§ **DATA UNDER STUDY**:
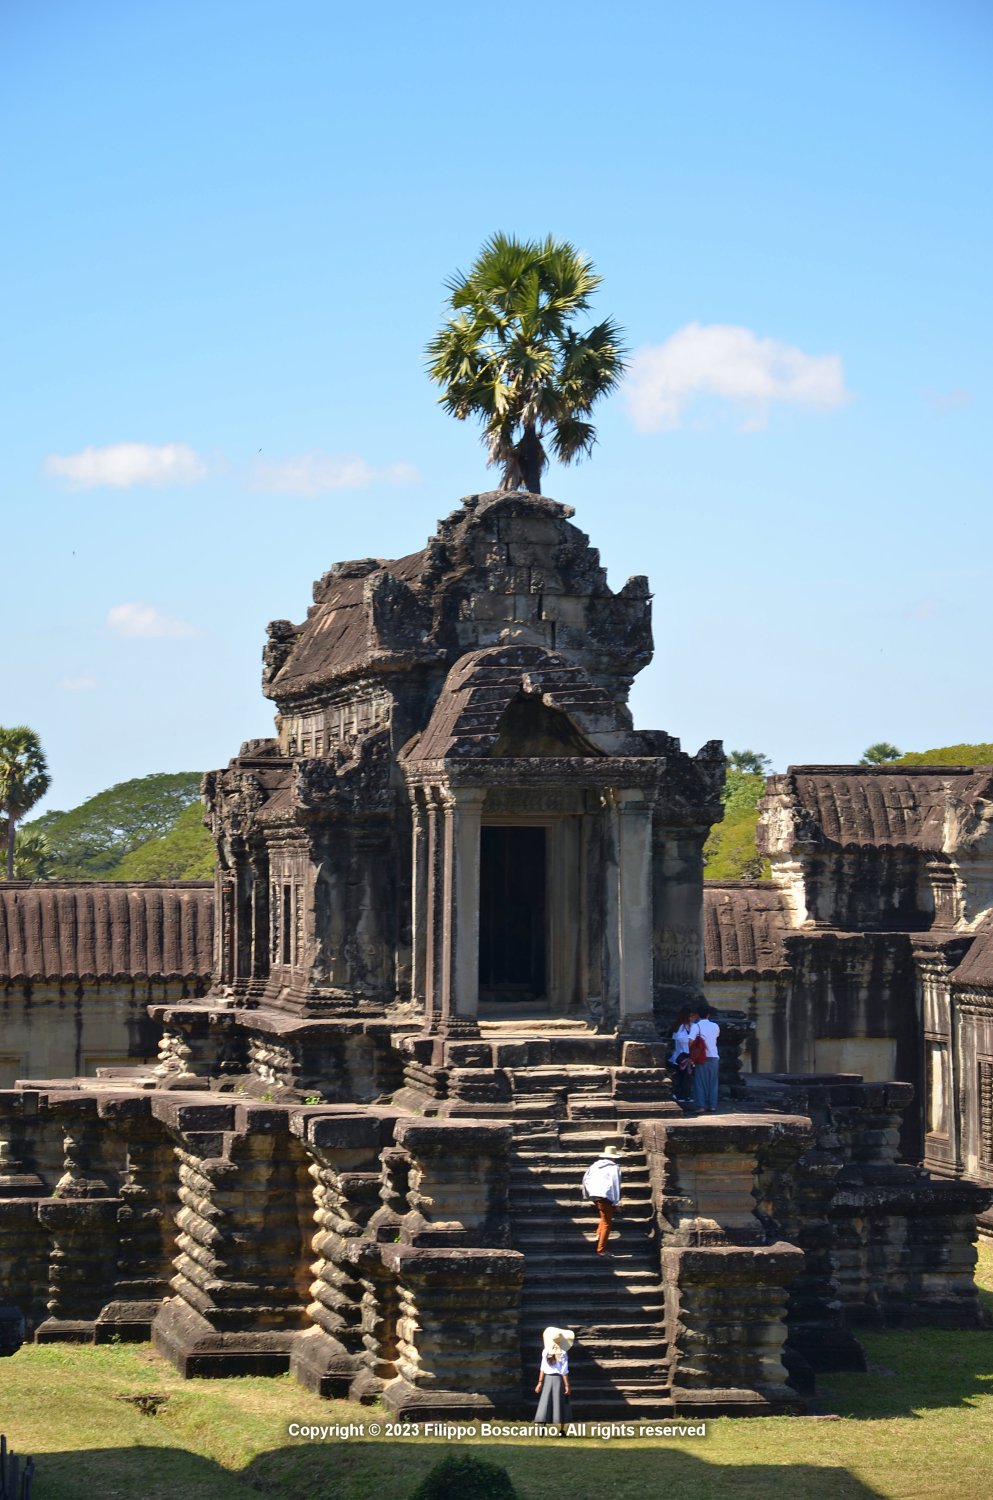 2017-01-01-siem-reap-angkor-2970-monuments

* * *

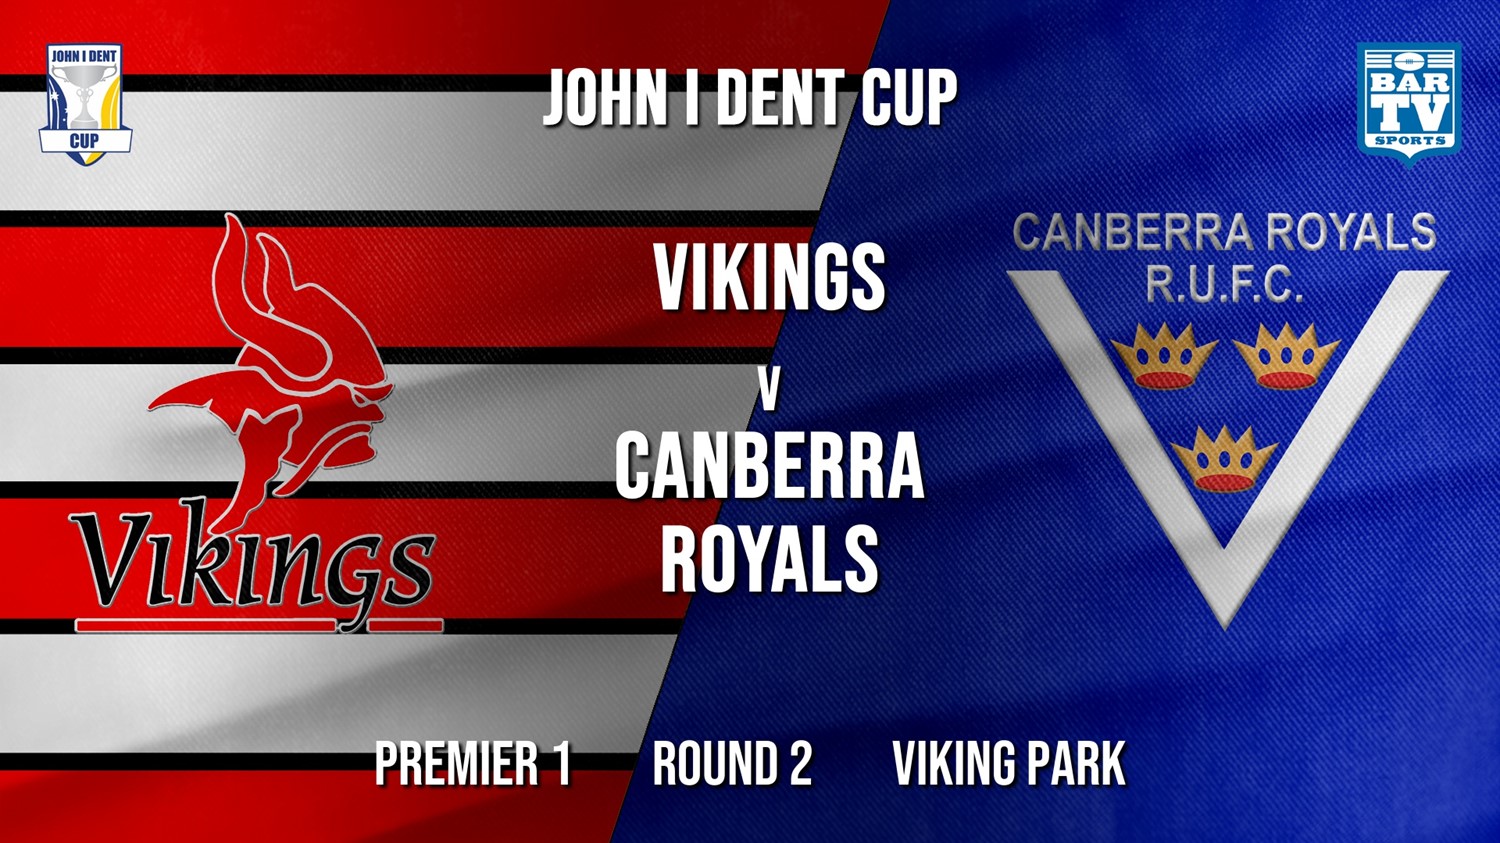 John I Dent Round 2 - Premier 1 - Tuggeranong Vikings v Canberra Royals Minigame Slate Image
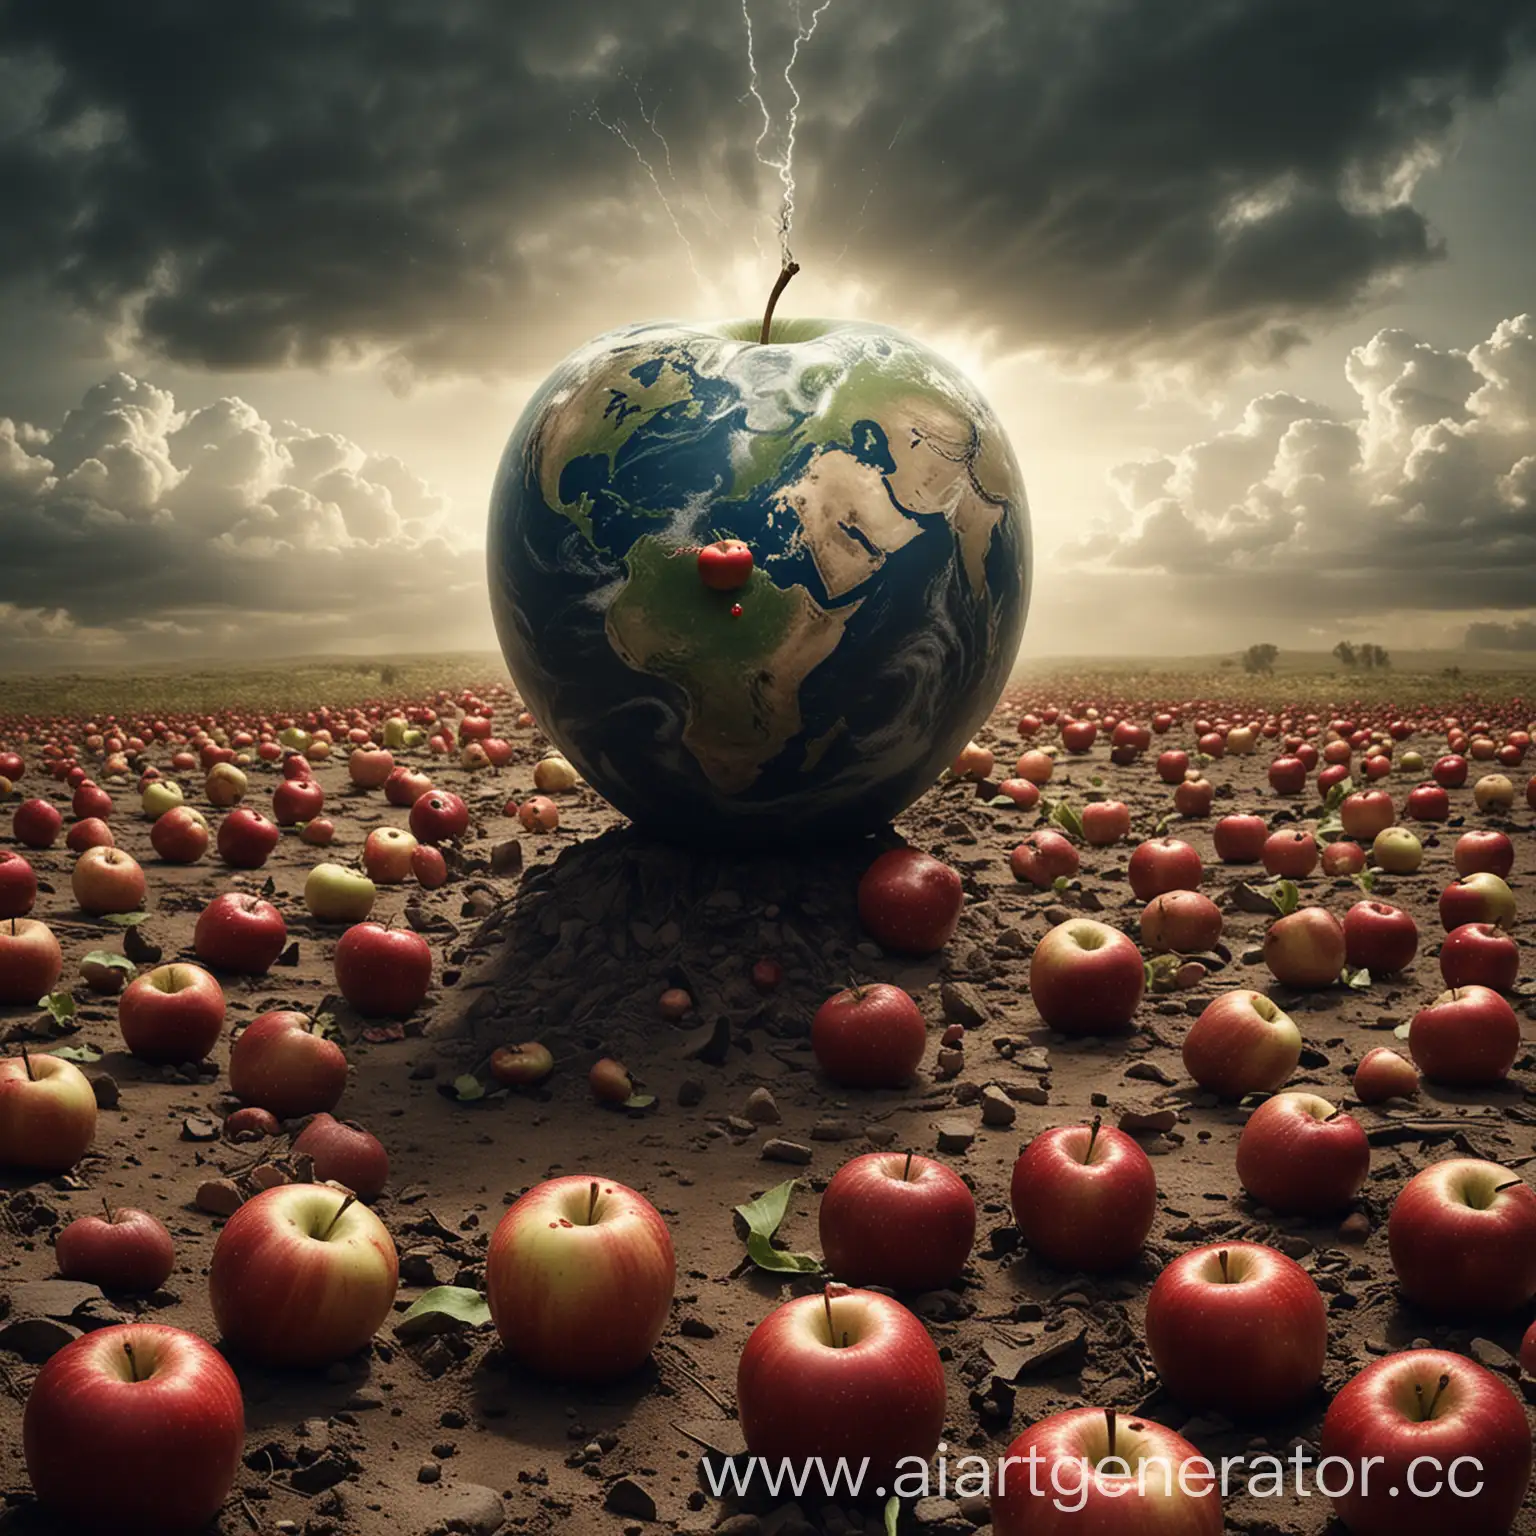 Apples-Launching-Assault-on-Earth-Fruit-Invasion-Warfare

§ **DIRECTIONS**: Copy out exactly the material that runs from the line with "John I Dent" to the line with "Apples-Launching-Assault-on-Earth-Fruit-Invasion-Warfare", ends included, and leave the pictures behind.

§ **YOUR RESPONSE**:
 John I Dent Round 2 - Premier 1 - Tuggeranong Vikings v Canberra Royals Minigame Slate Image
 Apples-Launching-Assault-on-Earth-Fruit-Invasion-Warfare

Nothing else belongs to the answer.